Toutes les têtes se tournèrent vers la porte. Kol était rentré, et il tenait Ben fermement par l'épaule. Le jeune humain transpirait la peur à plein nez. Il était toujours tâché du sang qui avait coulé de son nez suite au coup de poing qu'il s'était reçu par Jeremy.
« Combien de temps notre invité va-t-il rester ? » demanda Kol, qui arborait un sourire en coin.

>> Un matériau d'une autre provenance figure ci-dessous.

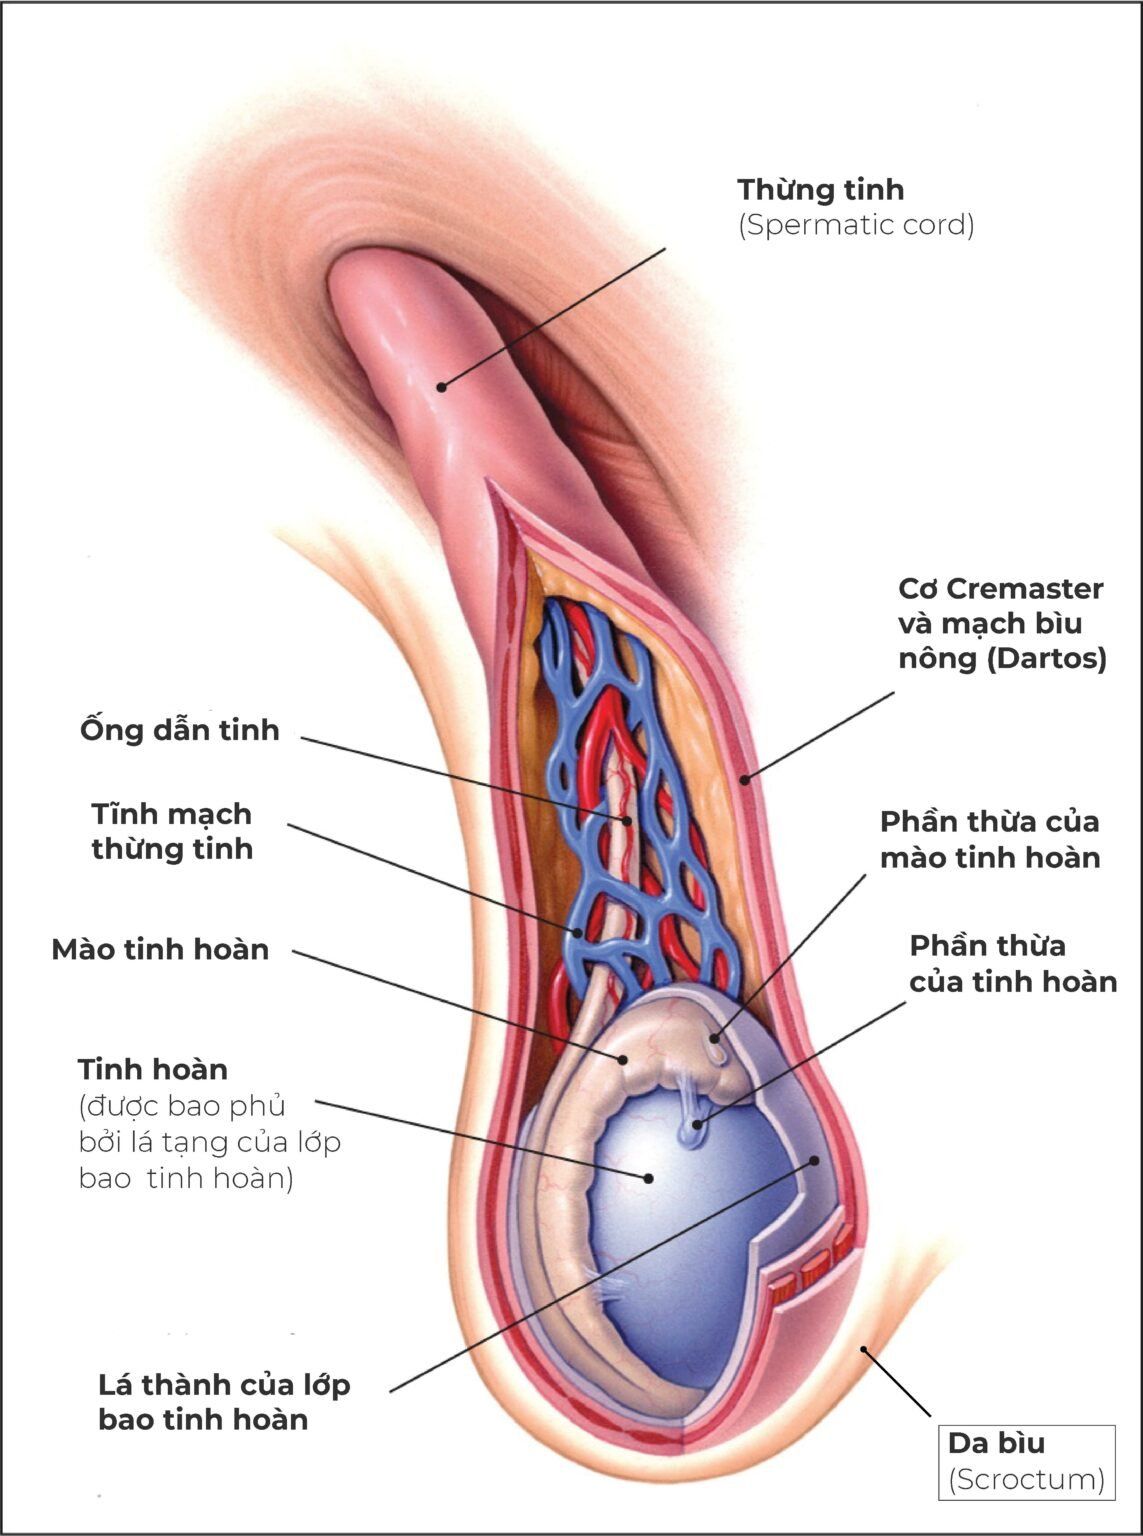 Hình ảnh 3D giải phẫu chi tiết thừng tinh bên trong cấu tạo bộ phận sinh dục nam giới

« Indéterminé. » dit soudainement Elijah.
Il semblait calme extérieurement, mais Kol connaissait suffisamment son grand frère pour savoir que sous ce calme olympien régnait une colère bien plus grande encore. Lorsque cette colère sera libérée, Ben allait regretter amèrement ce qu'il avait fait pour Grayson Gilbert.
« Bonnie a fait préparer une chambre d'où il ne pourra pas sortir. » dit Sage.
« Allons-y ! » dit Kol.
Il fit une légère pression sur l'épaule de Ben, qui grimaça de douleur et l'instant d'après, Kol s'était éclipsé hors de la pièce avec l'humain.
« Je vais le tuer ! » gronda Elijah.
« Calmes-toi mon frère. » lui dit Klaus. « La torture est bien plus satisfaisante. »
« Il ne tiendra pas cinq minutes. » ne pu s'empêcher de dire Finn.
« Nous verrons ! » dit Elijah.
Quelques minutes plus tard, Rebekah entra dans la bibliothèque.
« Vicky est avec nous. » annonça-t-elle.
« Parfait ! » dit Klaus. « On reprendra demain matin, la soirée a été longue. »
Les autres ne purent qu'acquiescer, et ne restait dans la bibliothèque que Caroline et Klaus. Ce dernier se rapprocha d'elle, la souleva du canapé dans lequel elle s'était à moitié endormie.
« Il est temps d'aller au lit, Trésor. » dit-il en la calant contre lui, la portant comme une mariée.
« Avec toi ! » marmonna-t-elle.
« C'est ce que j'avais l'intention de faire. » dit-il en sortant de la bibliothèque.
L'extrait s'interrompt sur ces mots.